Social Security COLA to drop significantly in 2024, senior group predicts
(NEXSTAR) – Social Security recipients shouldn’t expect 2024’s cost-of-living adjustment (COLA) to be as significant as 2023’s, despite warnings that beneficiaries are losing their purchasing power.
“The 2024 COLA could be around 3.1%,” Mary Johnson, the Social Security and Medicare policy analyst for the Senior Citizens League, said in a news release issued last week.
The Senior Citizen’s League (TSCL), a nonpartisan senior advocacy group, has for years based its estimations of upcoming COLA increases on data from the Bureau of Labor Statistics and specifically its Consumer Price Indexes — the same data which is ultimately used by the Social Security Administration to determine its annual COLA increases.
The 2023 increase, at 8.7%, was the largest COLA increase in over four decades, partially thanks to supply-chain disruptions which fueled soaring inflation amid the pandemic. But analysts with TSCL are worried that cooling inflation — or at least the appearance of cooling inflation — will result in a smaller 2024 COLA increase that could have detrimental effects on beneficiaries.

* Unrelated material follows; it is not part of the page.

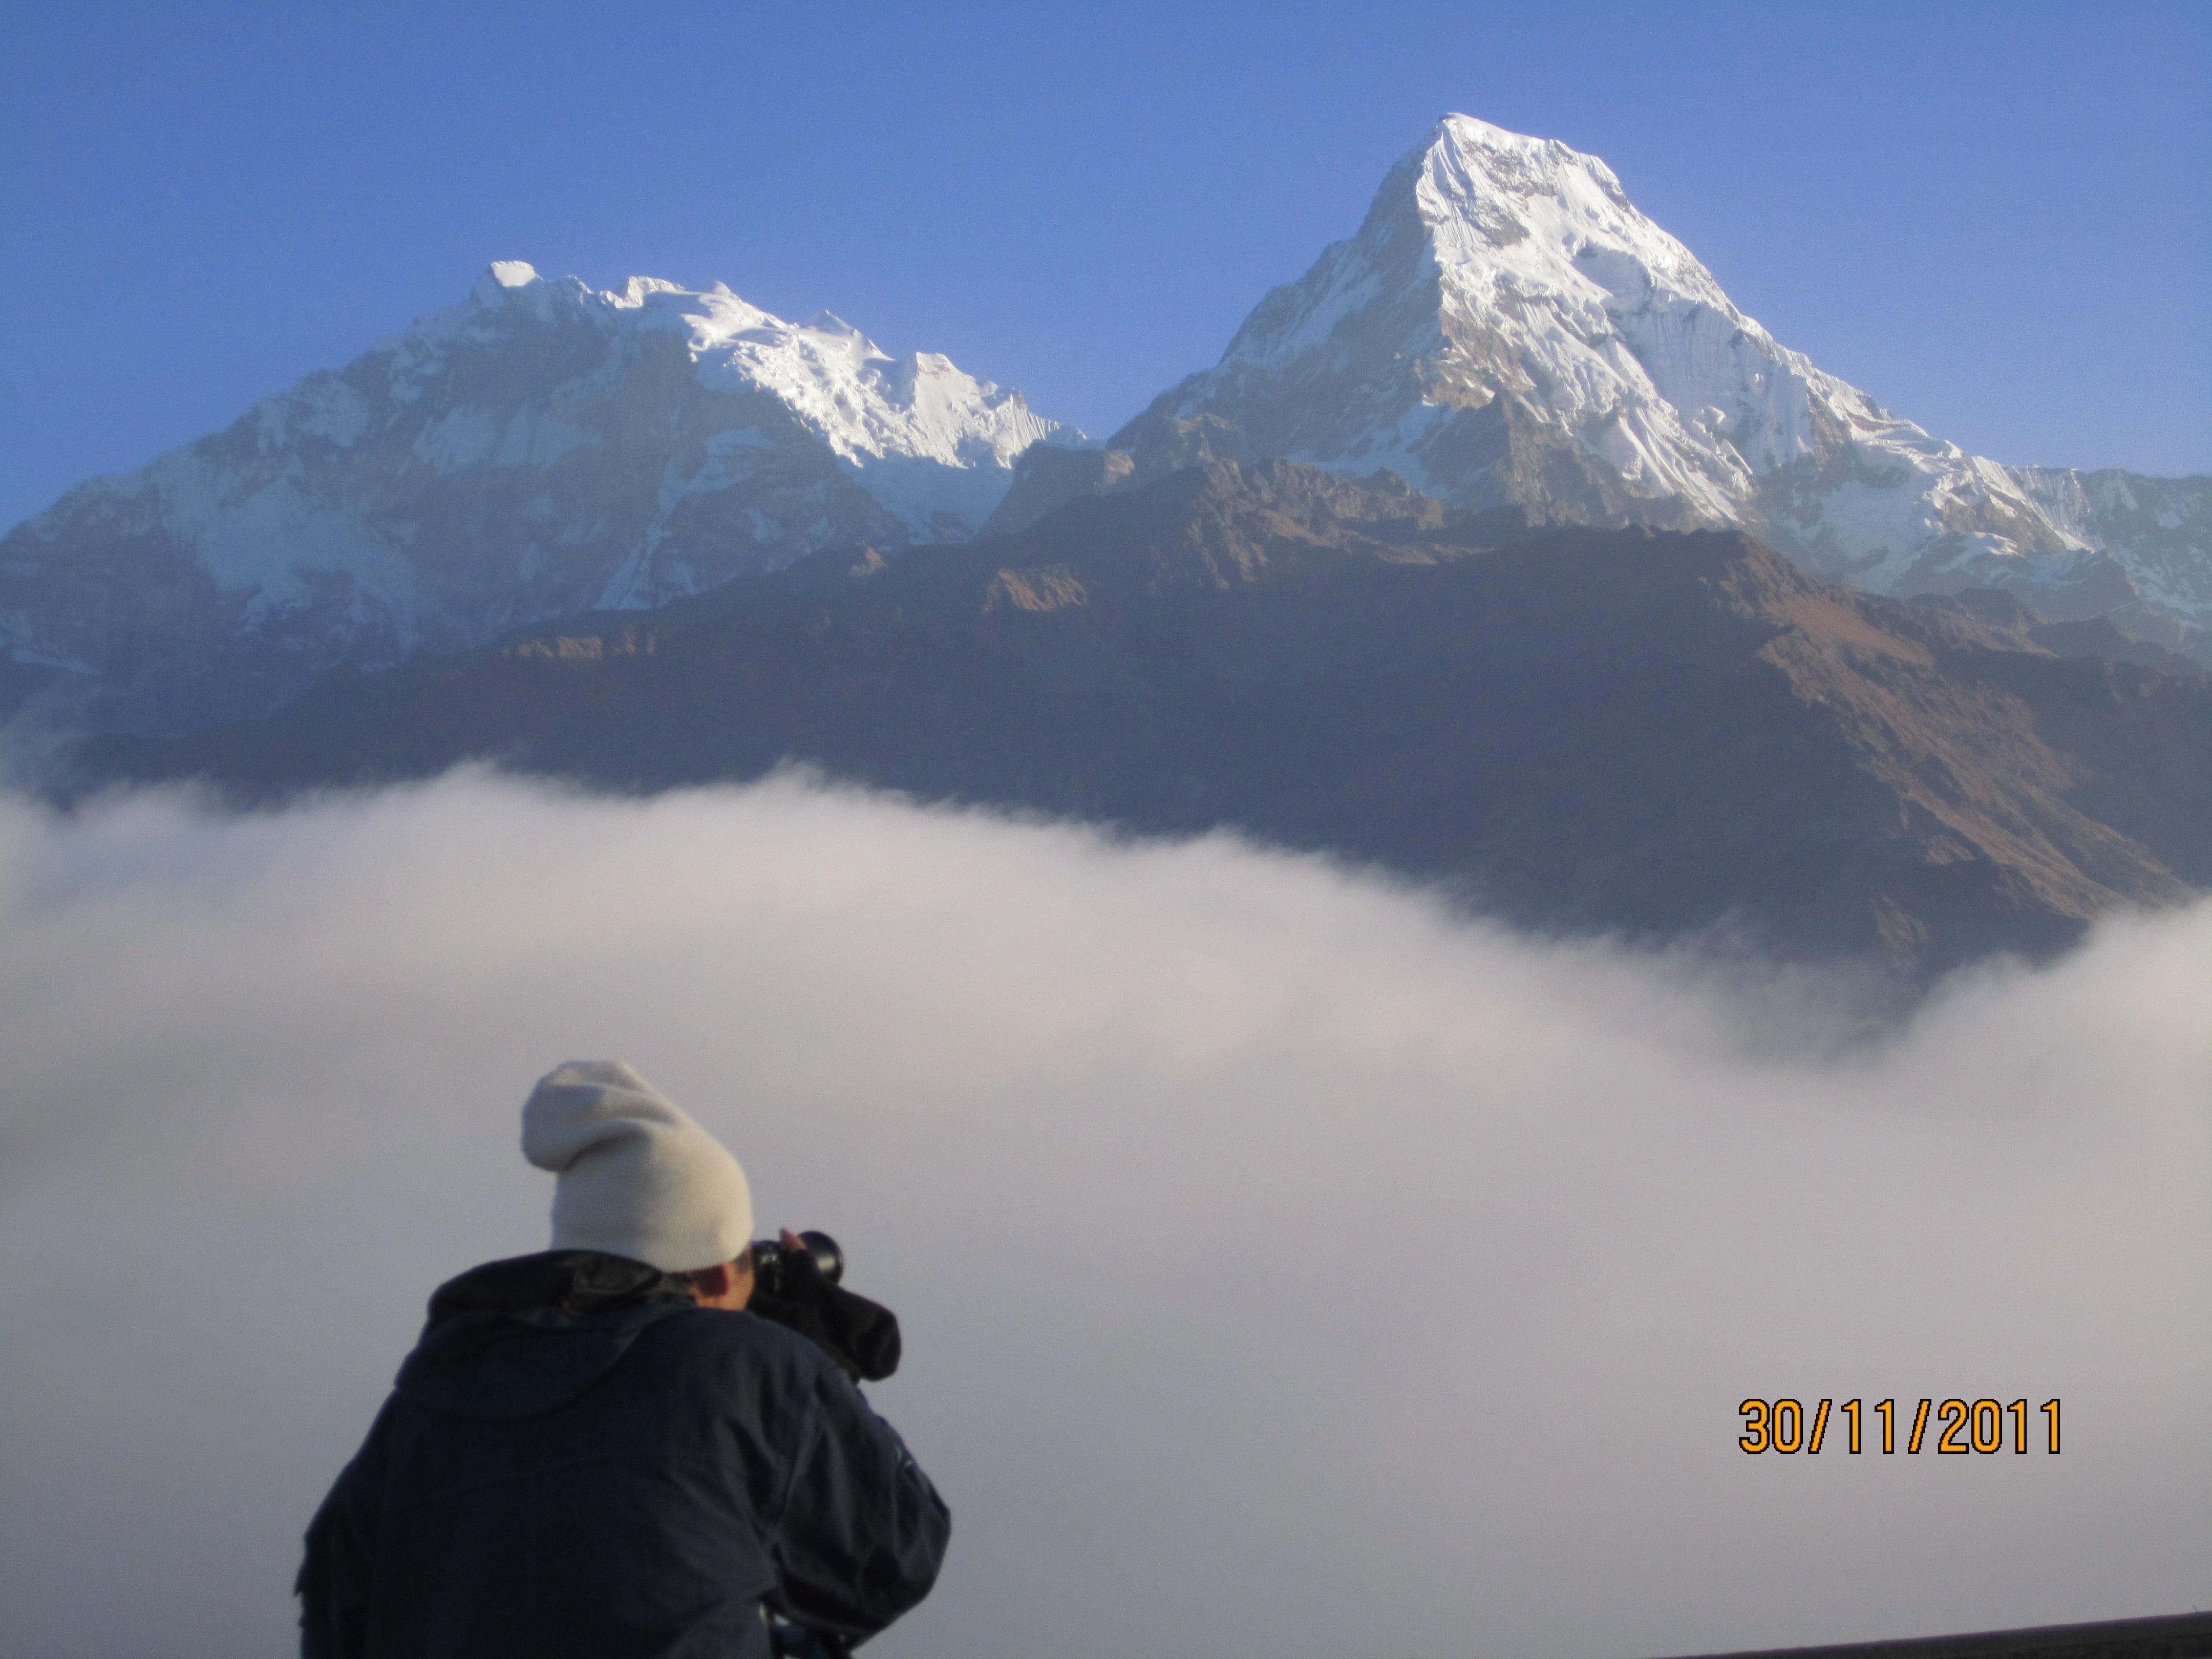 Annapurna sunrise Trek- Annapurna South

“Inflation is moderating, but a lower inflation rate has not necessarily meant that prices have decreased,” TSCL writes in a study published earlier this month, in which the group argues that “key items” remain at “stubbornly high” prices.
Johnson, speaking with Nexstar ahead of last year’s COLA announcement, noted said that seniors have different spending habits than younger generations. The Consumer Price Index, she said, does not accurately reflect the rising costs of items that older Americans more frequently spend their money on, including prescription drugs, food, housing or dental services (which are generally not covered by Medicare).
“[Seniors] are spending a bigger percentage of their household budgets [on these expenses],” Johnson said. “These costs are not showing up, necessarily, in the COLA. There’s a weakness in the COLA.”
TSCL’s most recent study of benefit increases over the last two decades also appears to show a significant decline in seniors’ ability to keep up with rising prices: Social Security benefits, according to TSCL, have lost about a third of their buying power since 2000, even when accounting for every COLA increase over the last 22 years.
“For every $100 a retired household spent on groceries in 2000, that household can only buy about $64 worth today,” TSCL wrote.
TSCL’s projections of a 3.1% COLA increase in 2024 are subject to change, of course. The official COLA won’t be announced until October before going into effect in January. But no matter the increase, it likely won’t be enough to satisfy the needs of seniors, TSCL believes.
“It’s not like we have a target number we were hoping for. We want to see an approach that’s more comprehensive than that,” said Johnson, who pointed to a number of economic issues facing current and future beneficiaries — including the possibility of Social Security’s insolvency, of the fact that fewer jobs now offer pensions to supplement Social Security checks.
“People are also living longer lives in retirement, so it’s hard for anyone to save for that,” she said.